##### Source material
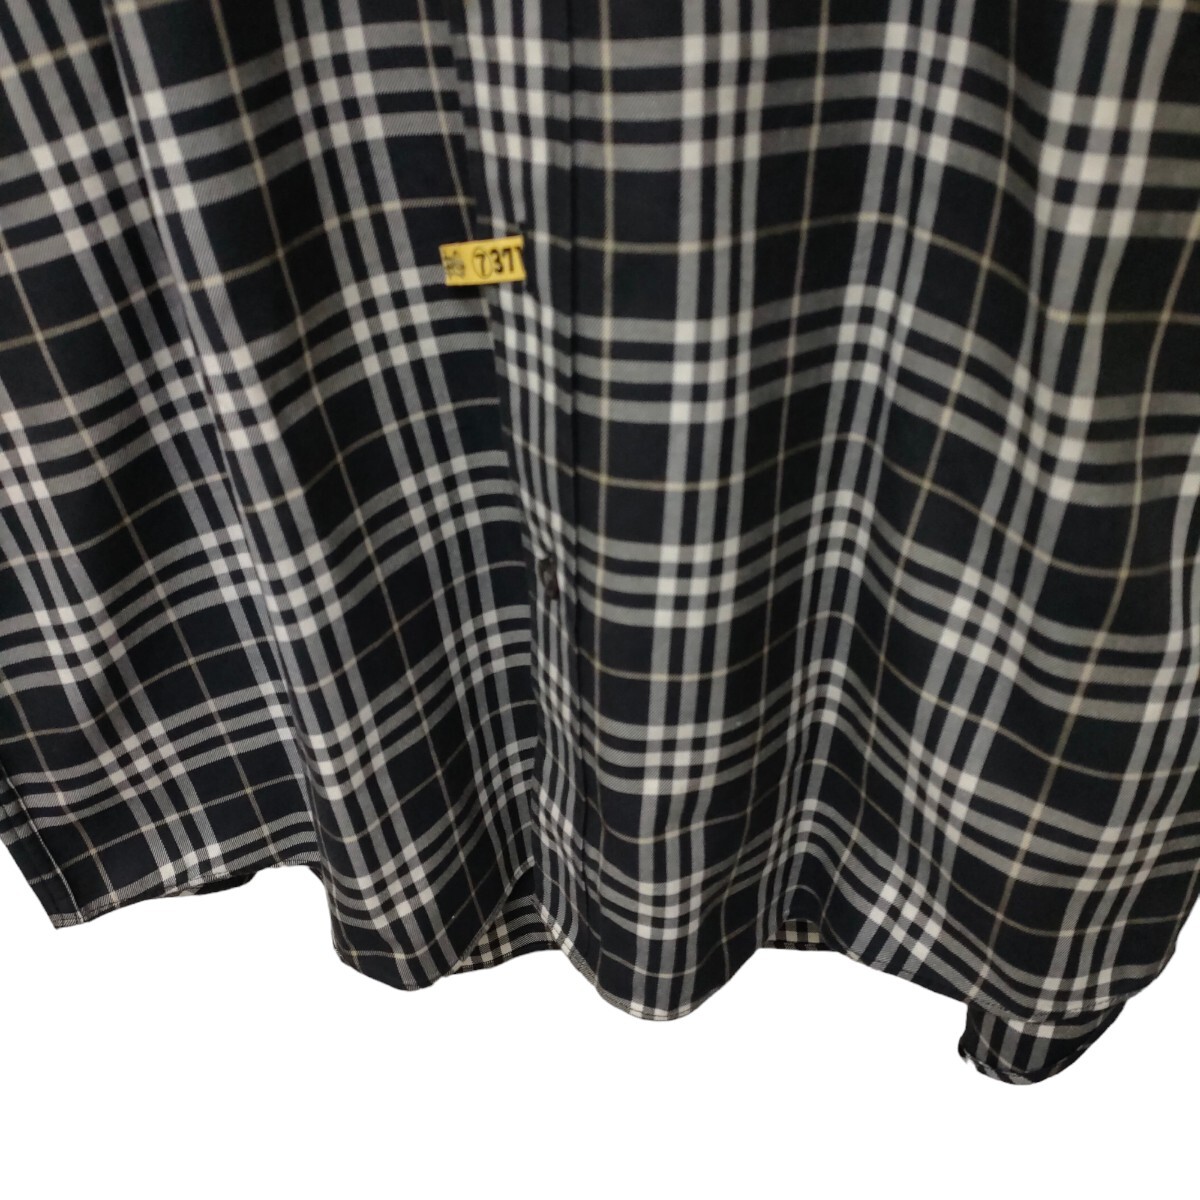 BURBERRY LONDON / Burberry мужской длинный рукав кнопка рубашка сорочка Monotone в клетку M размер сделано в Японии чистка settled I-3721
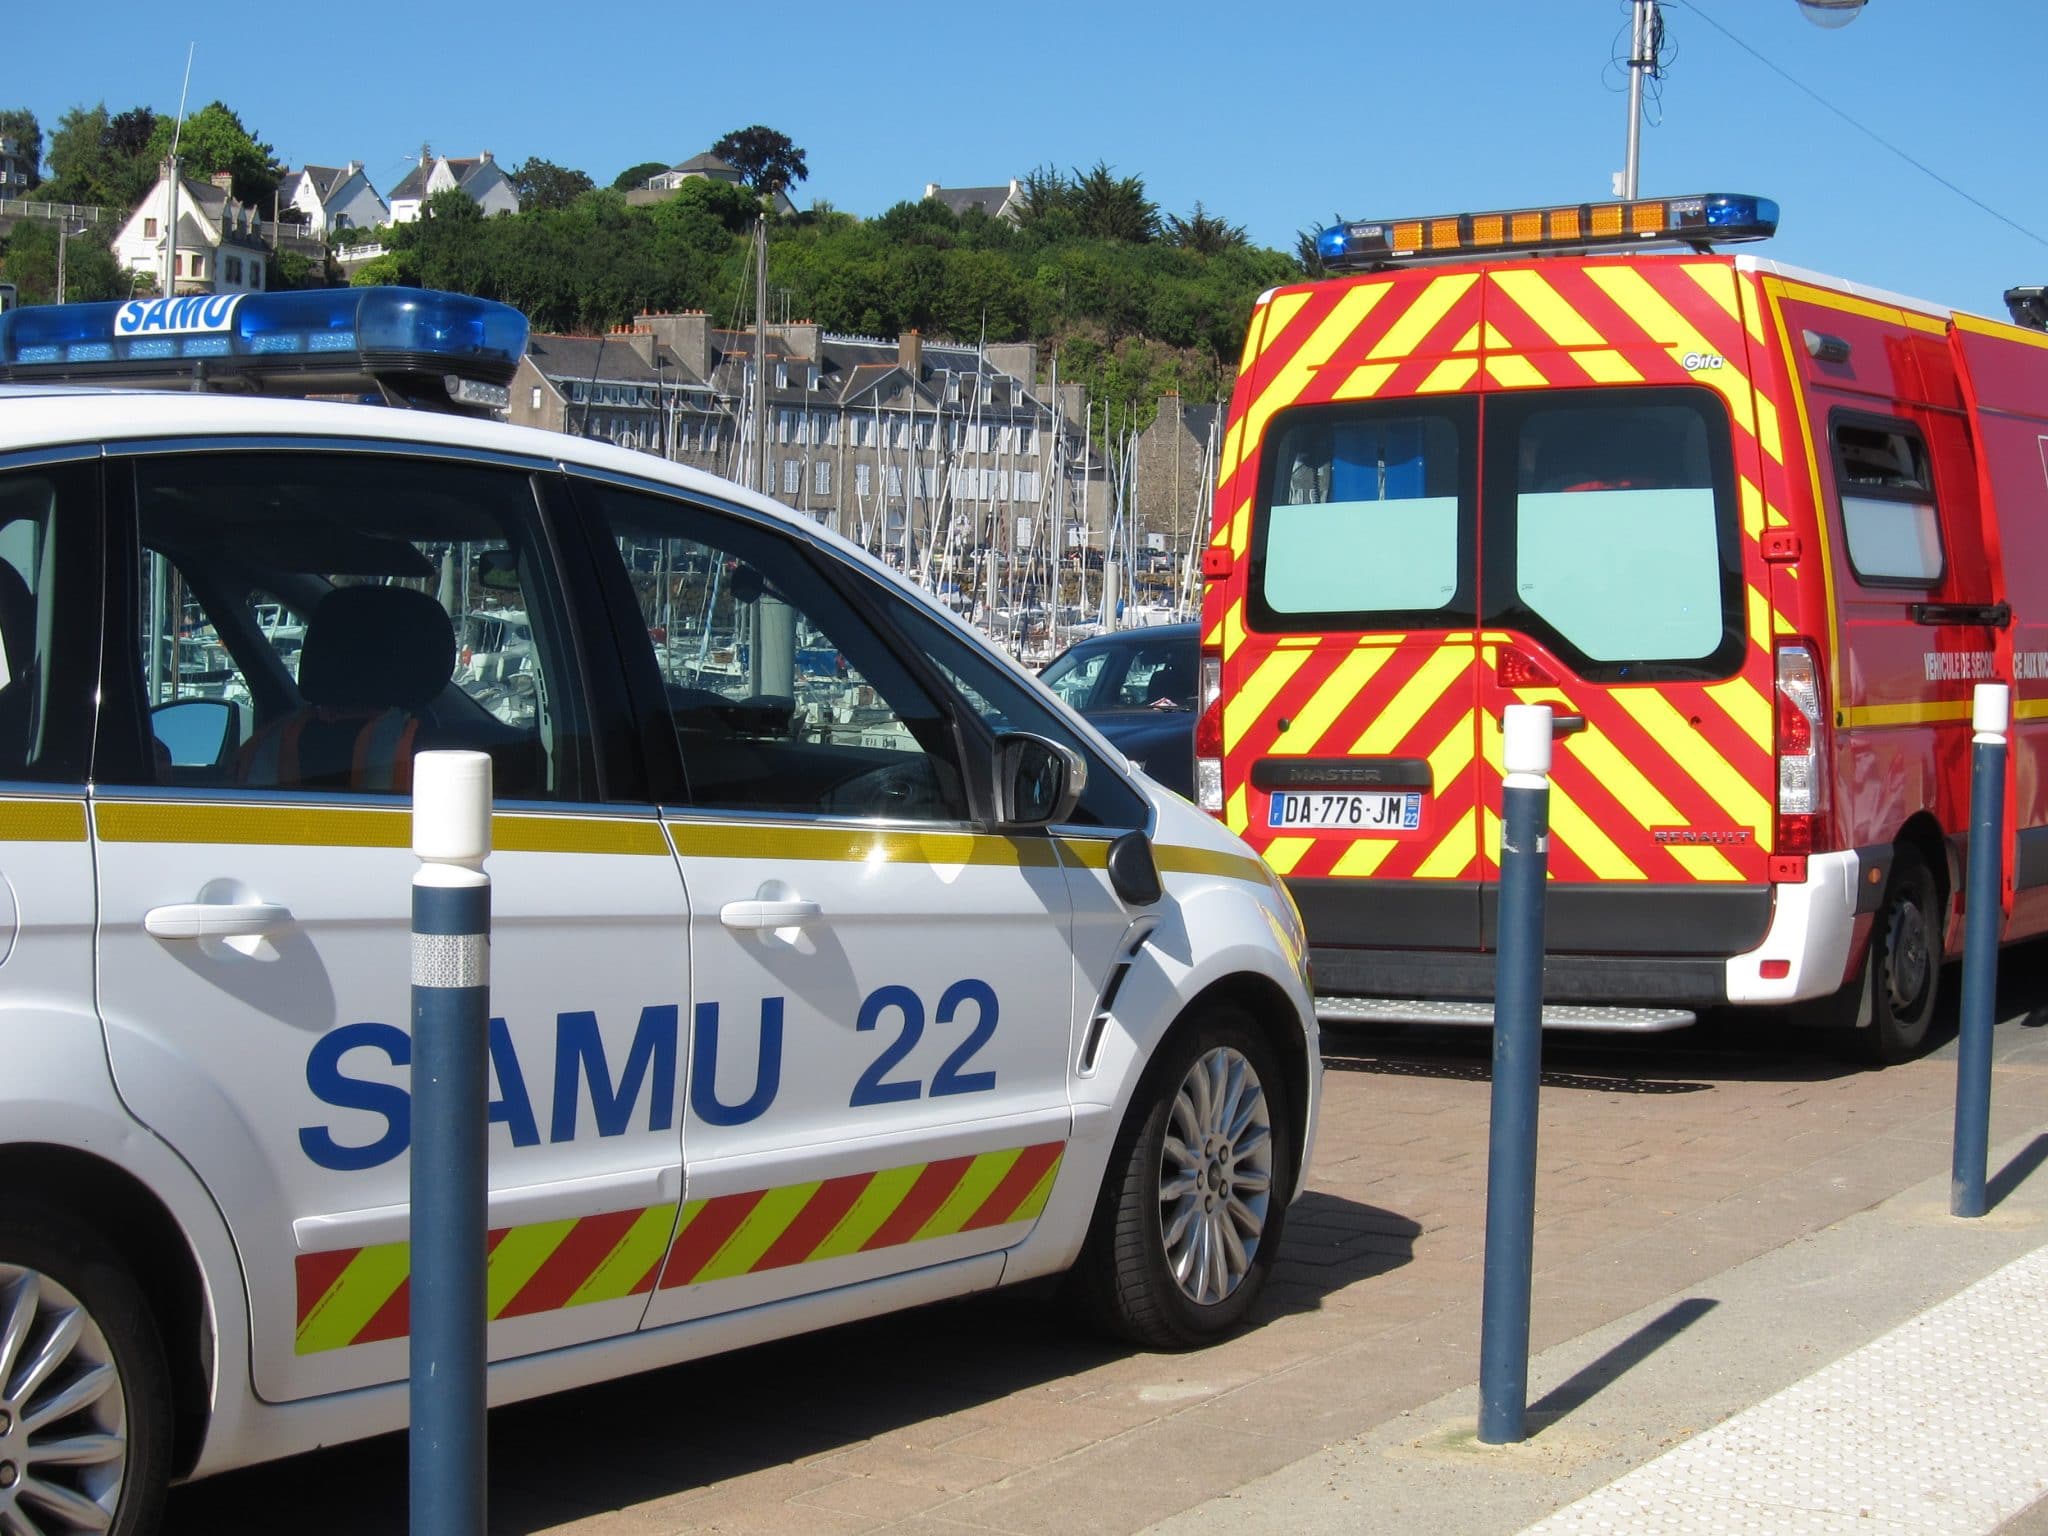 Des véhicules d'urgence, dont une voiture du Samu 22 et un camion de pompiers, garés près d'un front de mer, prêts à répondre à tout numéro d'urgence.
##########
##### Source material
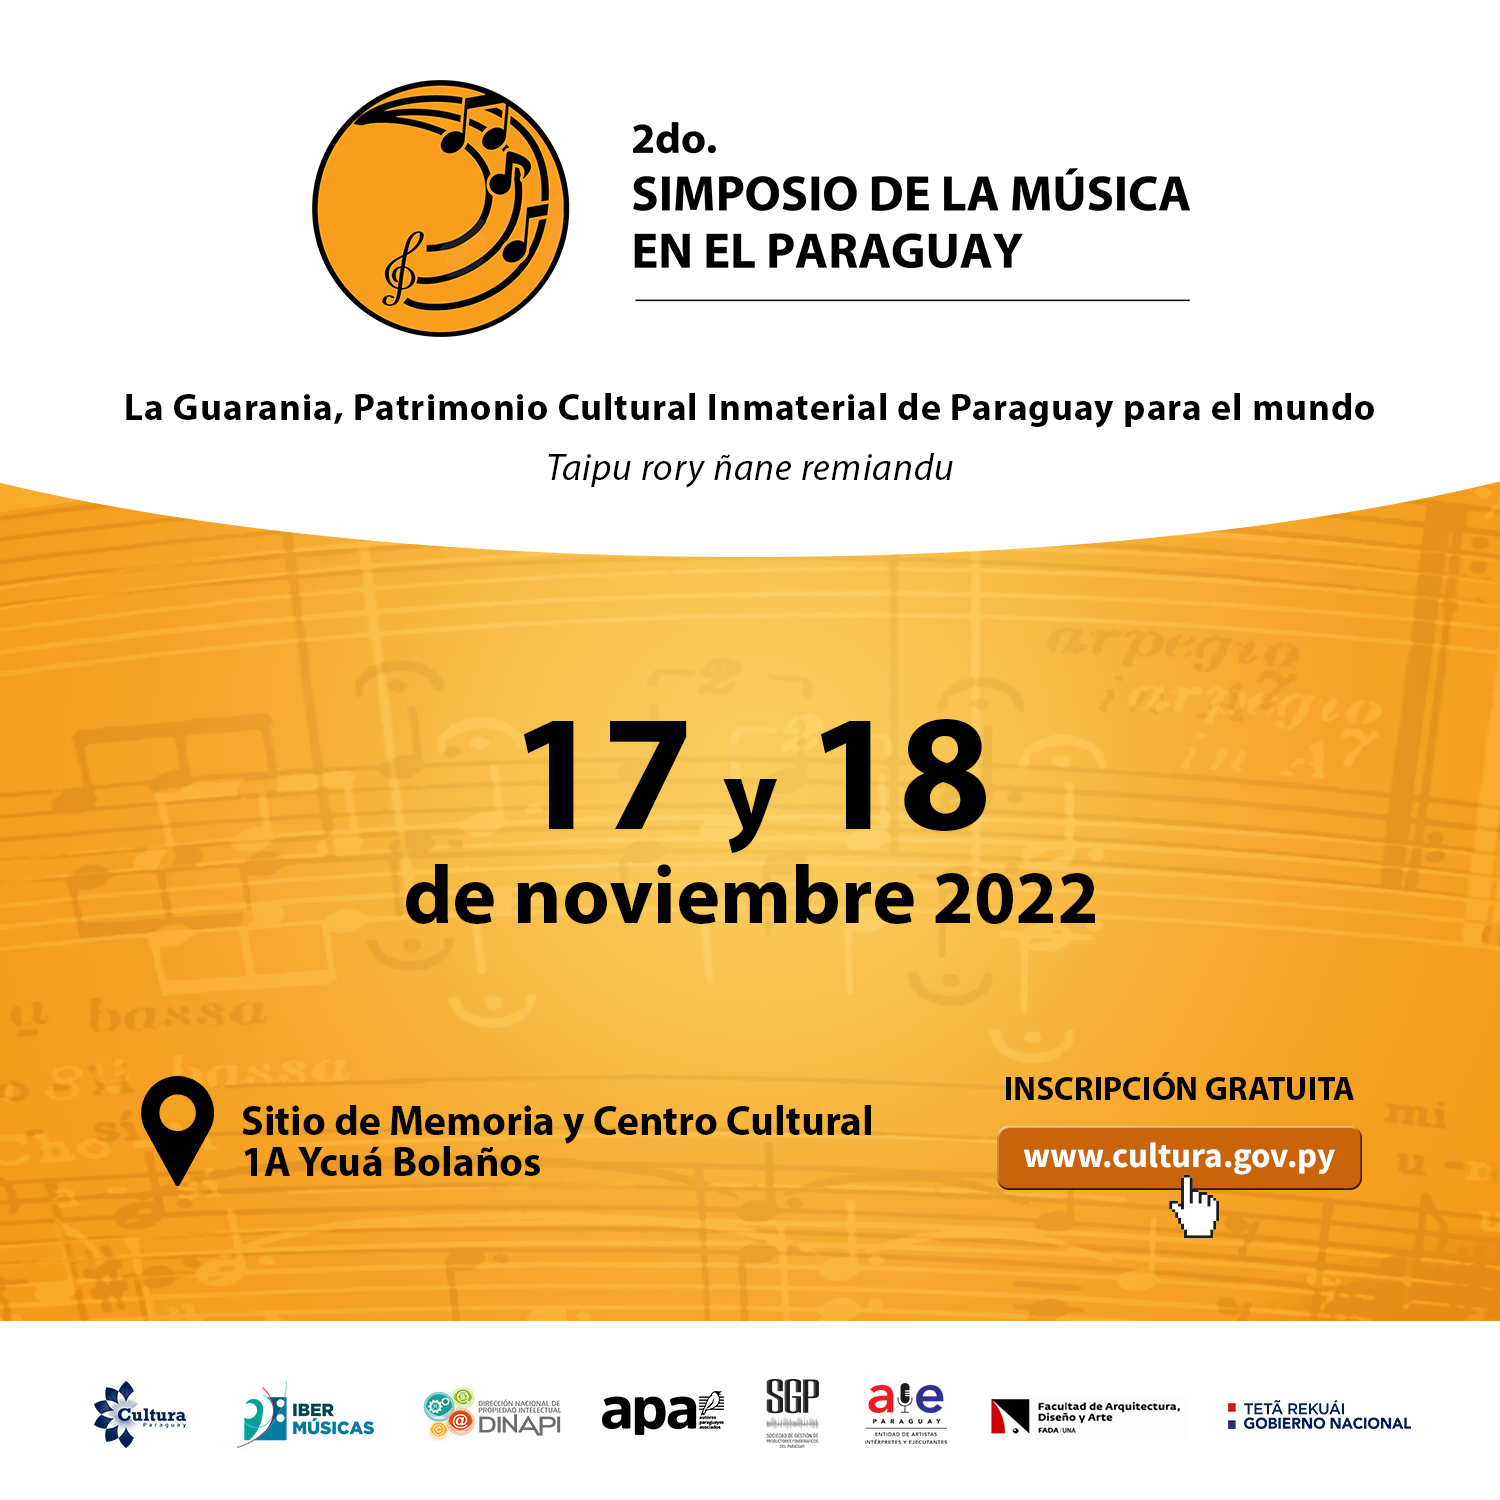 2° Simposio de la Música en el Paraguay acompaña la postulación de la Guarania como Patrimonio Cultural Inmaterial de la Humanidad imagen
##########
** What you need to do **
The lines to reproduce run from the one above containing "BURBERRY LONDON /" through the one containing "Des véhicules d'urgence, dont". Copy them exactly and leave out all pictures.

** Exercise answer **
 BURBERRY LONDON / Burberry мужской длинный рукав кнопка рубашка сорочка Monotone в клетку M размер сделано в Японии чистка settled I-3721
 Des véhicules d'urgence, dont une voiture du Samu 22 et un camion de pompiers, garés près d'un front de mer, prêts à répondre à tout numéro d'urgence.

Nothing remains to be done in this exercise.